The problem: Each line below should be repeated exactly, but no picture should be carried over.

Provided material:
/---
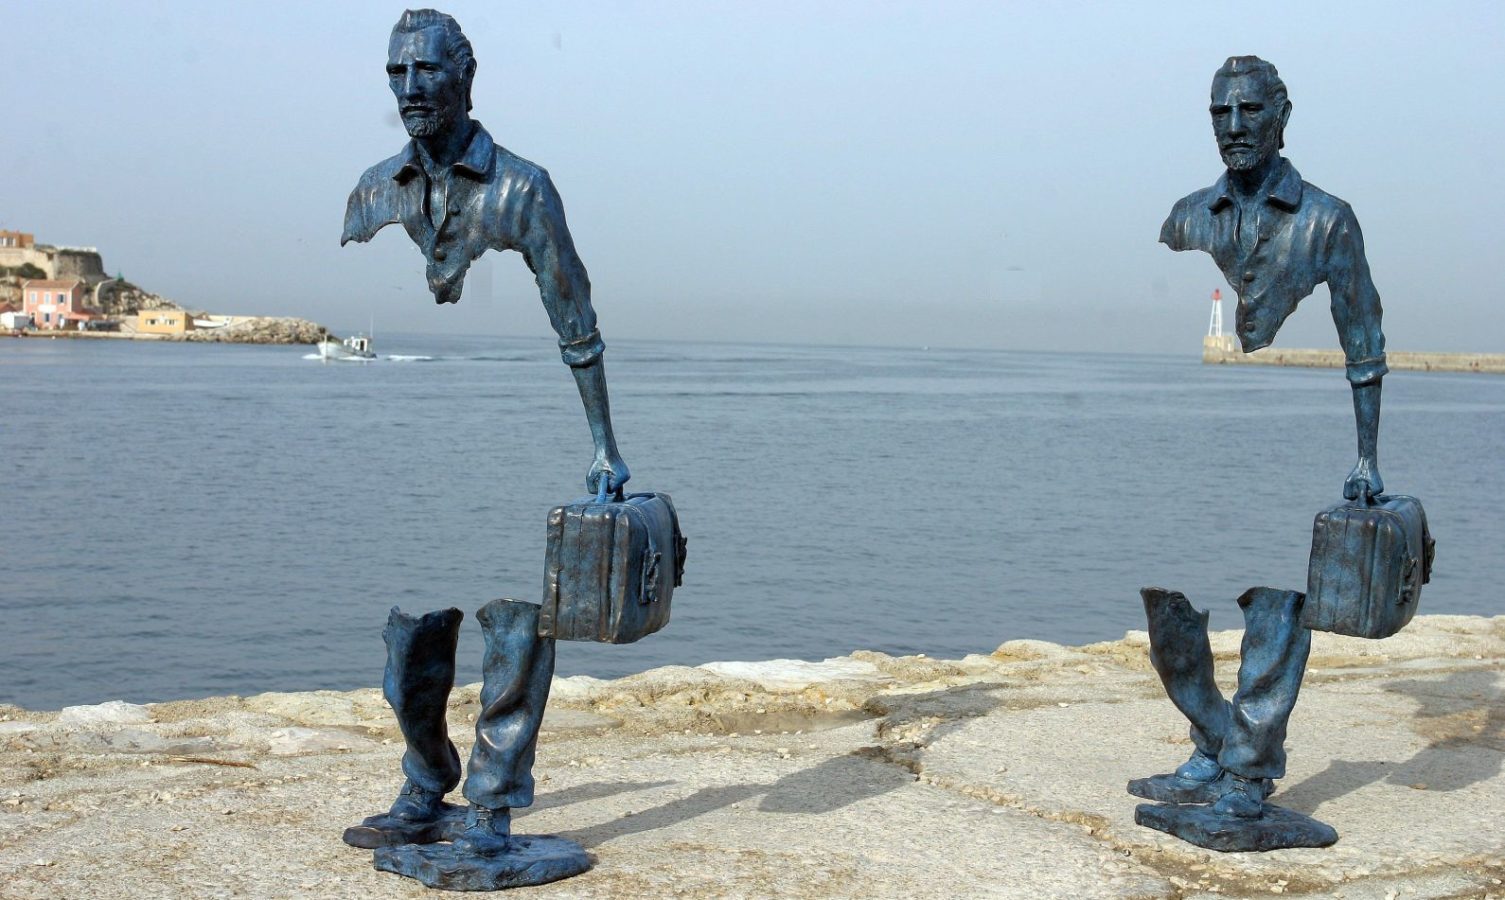 Not All There - The Enigmatic Sculptures of Bruno Catalano
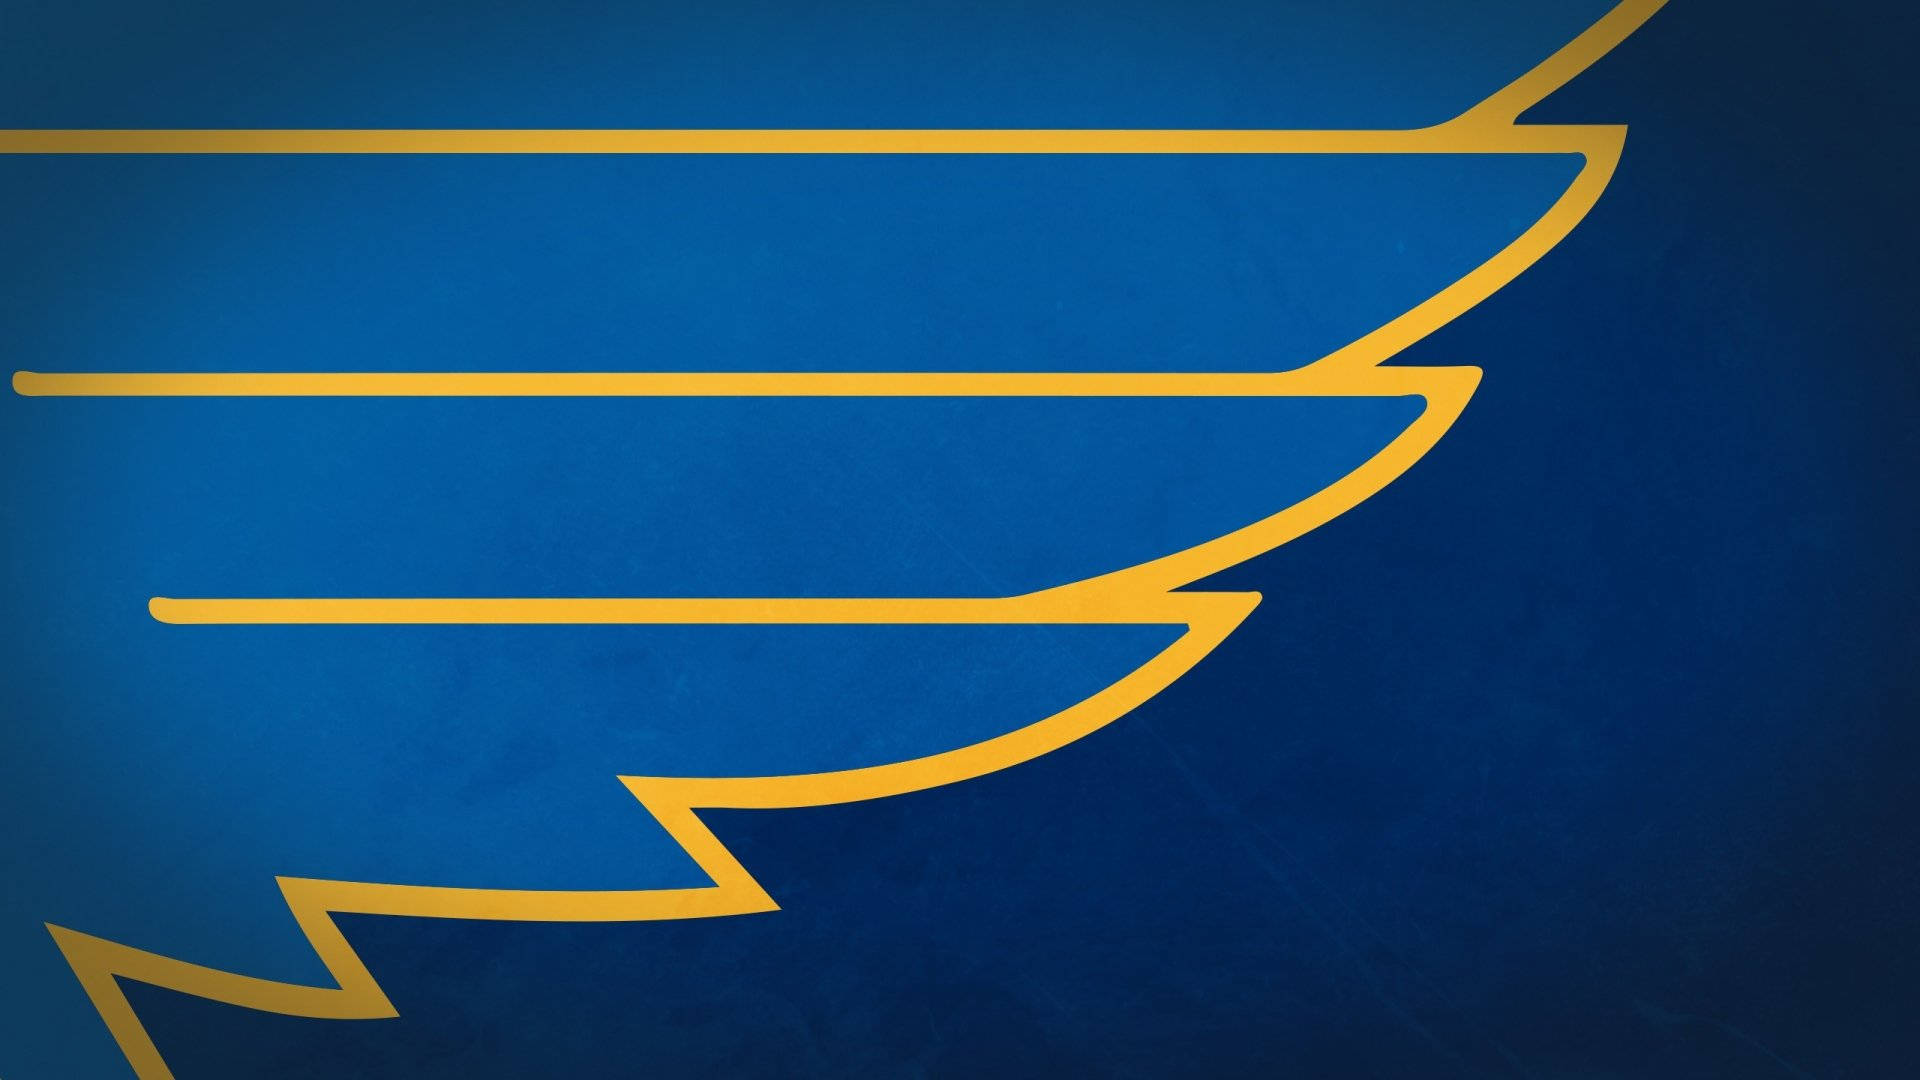 Top 999+ St Louis Blues Wallpaper Full HD, 4K✅Free to Use
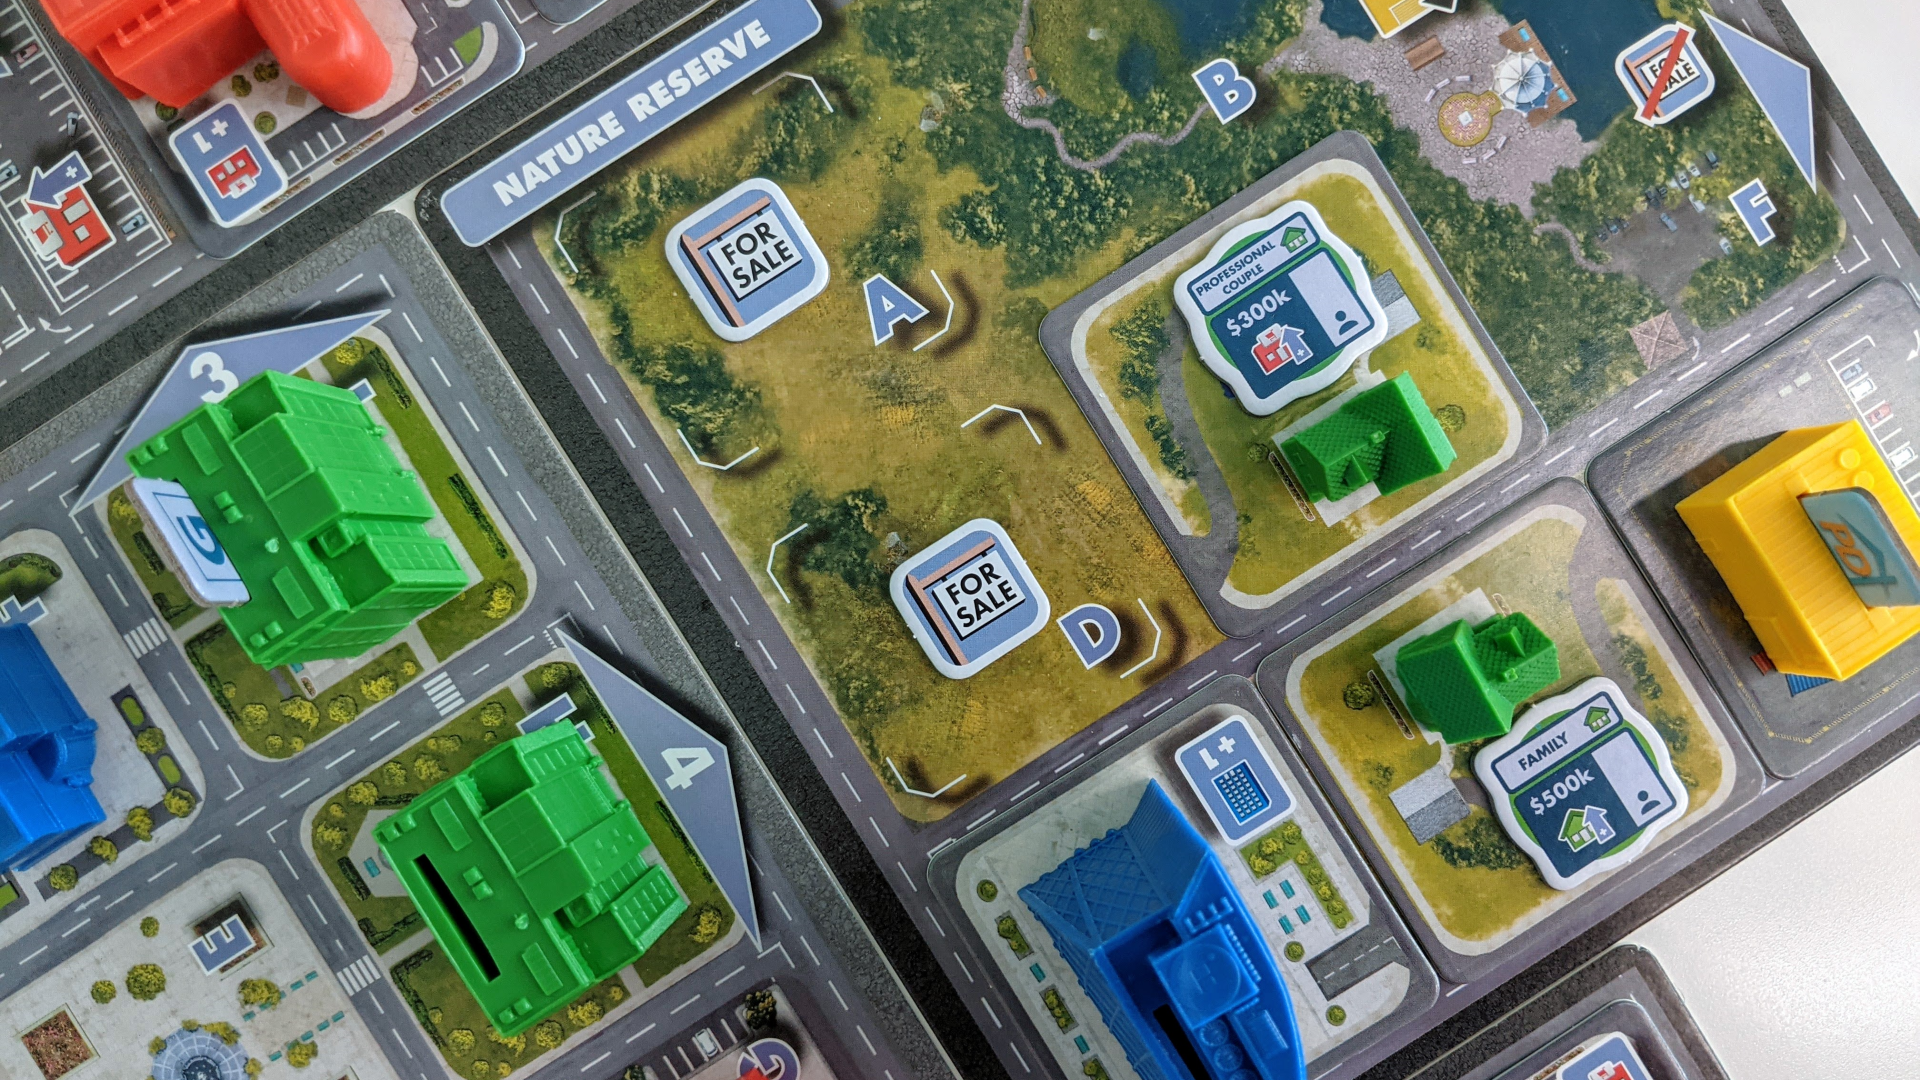 Image for Magnate: The First City is a metro-building board game striving for realism and interactivity
\---
Solved exercise:
 Not All There - The Enigmatic Sculptures of Bruno Catalano
 Top 999+ St Louis Blues Wallpaper Full HD, 4K✅Free to Use
 Image for Magnate: The First City is a metro-building board game striving for realism and interactivity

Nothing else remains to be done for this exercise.